Was sagt ihr zum baldigen Comeback der Schlagersängerin Andrea Jürgens?


----------



## vwbeetle (22 Juli 2014)

Ja oder wie? Oder was?


----------



## realsacha (22 Juli 2014)

*Die Tochter von Udo Jürgens?*


----------



## Trojanski (22 Juli 2014)

da hat die Welt drauf gewartet :WOW:


----------



## Franko2009 (22 Juli 2014)

Hast du extra das Posticon gewählt, weil du denkst, es würde sonst gar keinen interessieren?


----------



## Fuchs2010 (22 Juli 2014)

Das wird eine pfundige Überraschung!


----------



## superfan2000 (22 Juli 2014)

Fuchs2010 schrieb:


> Das wird eine pfundige Überraschung!



Die Andrea Jürgens sieht immer noch richtig klasse aus. :drip:


----------



## Brian (22 Juli 2014)

Also ich würde mich über ein Comeback von Andrea Jürgens freuen,ich steh dazu das ich mir auch solche Musik anhöre obwohl da immer etwas abfällig über den Schlager geschrieben wird,aber mit der Toleranz ist das immer so eine Sache und bei manchen leider nur eine Einbahnstrasse,danke dir für die Info....


----------



## Harry1982 (22 Juli 2014)

Sie war weg?


----------



## comatron (23 Juli 2014)

Franko2009 schrieb:


> Hast du extra das Posticon gewählt, weil du denkst, es würde sonst gar keinen interessieren?

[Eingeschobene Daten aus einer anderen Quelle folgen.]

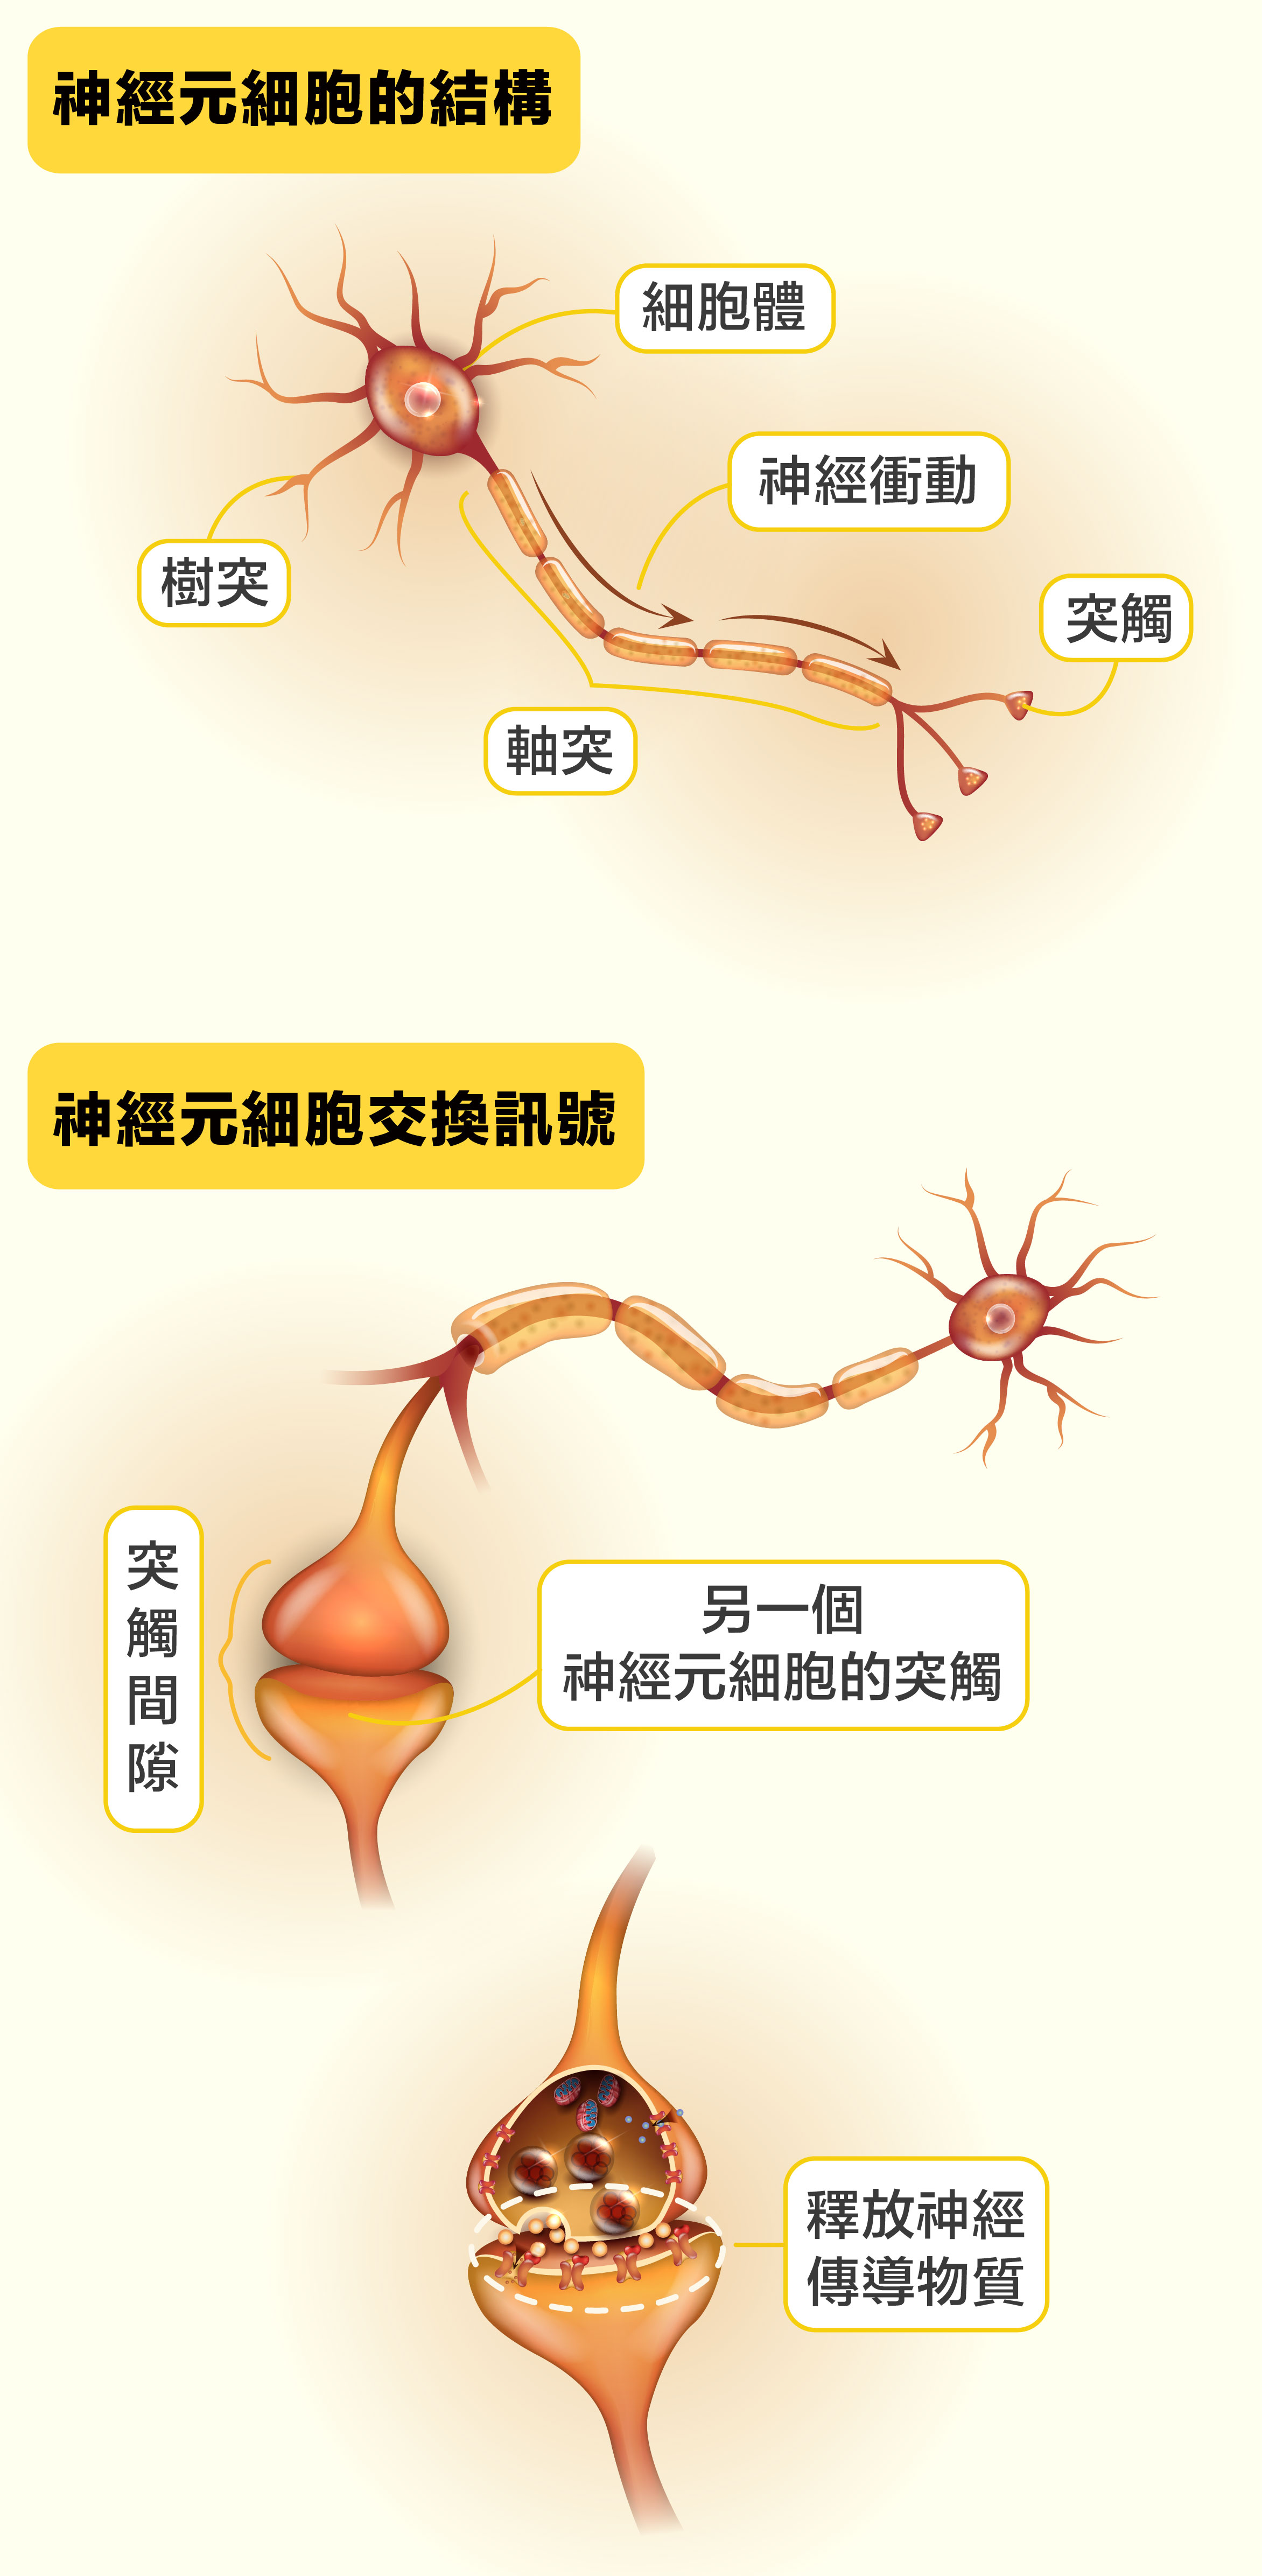 第一個神經元細胞的神經衝動傳到軸突末端的突觸,釋放神經傳導物質到下一個神經元細胞的樹突突觸,藉此將神經衝動傳給下一個神經元……就這樣把訊息接力傳到目的地。神經元軸突長度相差很大,有的僅分布在細胞周圍;有的很長,像是成人的坐骨神經,長度能超過1.5公尺。圖│研之有物(圖片來源│iStock)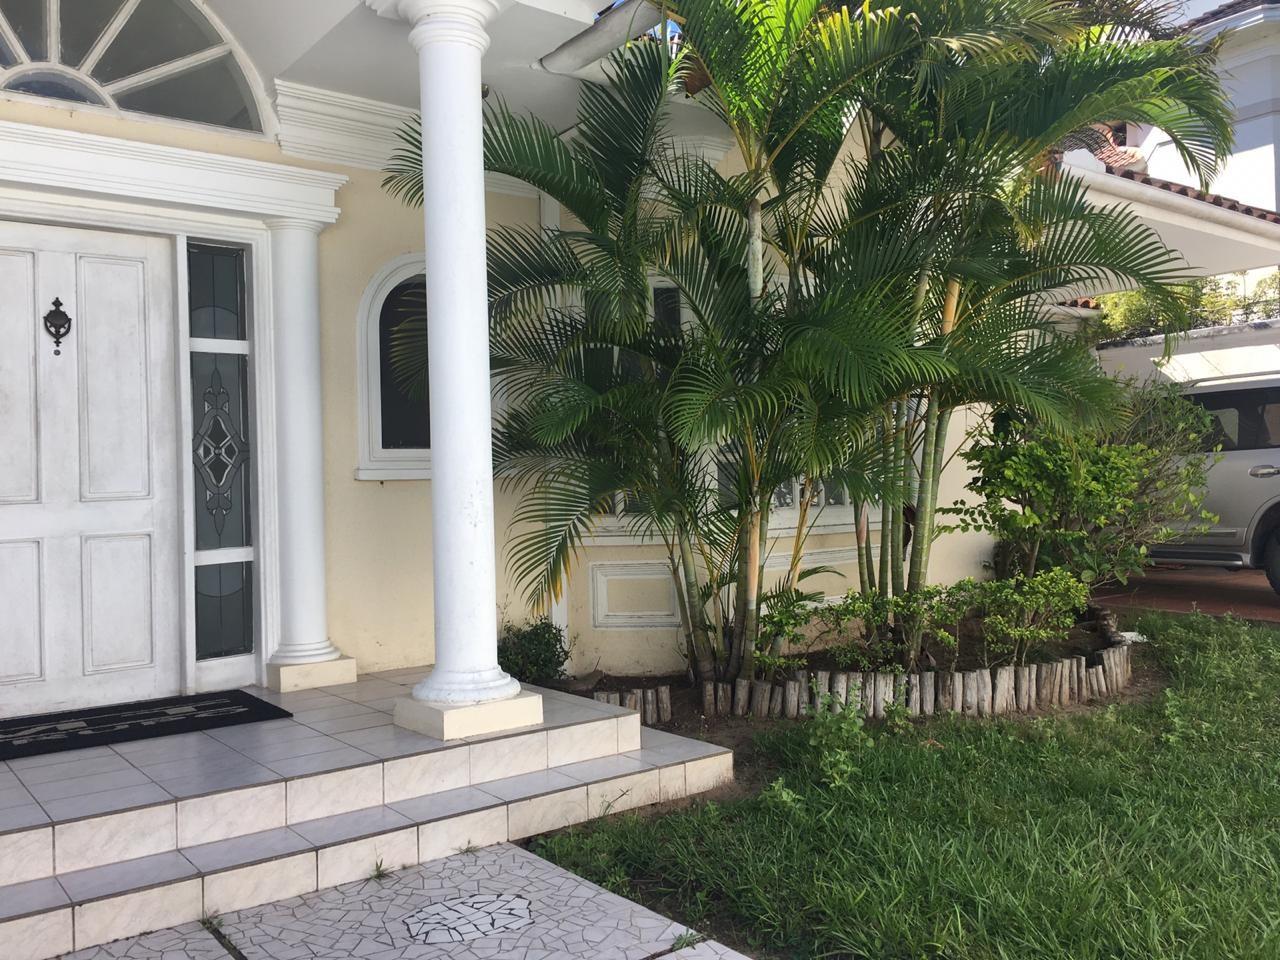 Casa en Alquiler EQUIPETROL SIRARI  CALLE LOS PINOS  Foto 1

Vielleicht erfindet sie ja den deutschen Nacktschlager ?


----------



## picard (26 Juli 2014)

Also, abgesehen von Brian und superfan sind in diesem thread leider sehr abfällige Bemerkungen über Andrea geäußert worden. 
Das hat sie echt nicht verdient, zumal sie eine wirklich liebenswürdige Frau ist


Ich wünsche ihr Alles Gute in der Welt und das Comeback wird sicher toll


----------



## superfan2000 (5 Mai 2019)

Fuchs2010 schrieb:


> Das wird eine pfundige Überraschung!



Die bildhübsche Andrea Jürgens war eine kleine Sexbombe mit einer geilen Stimme.


----------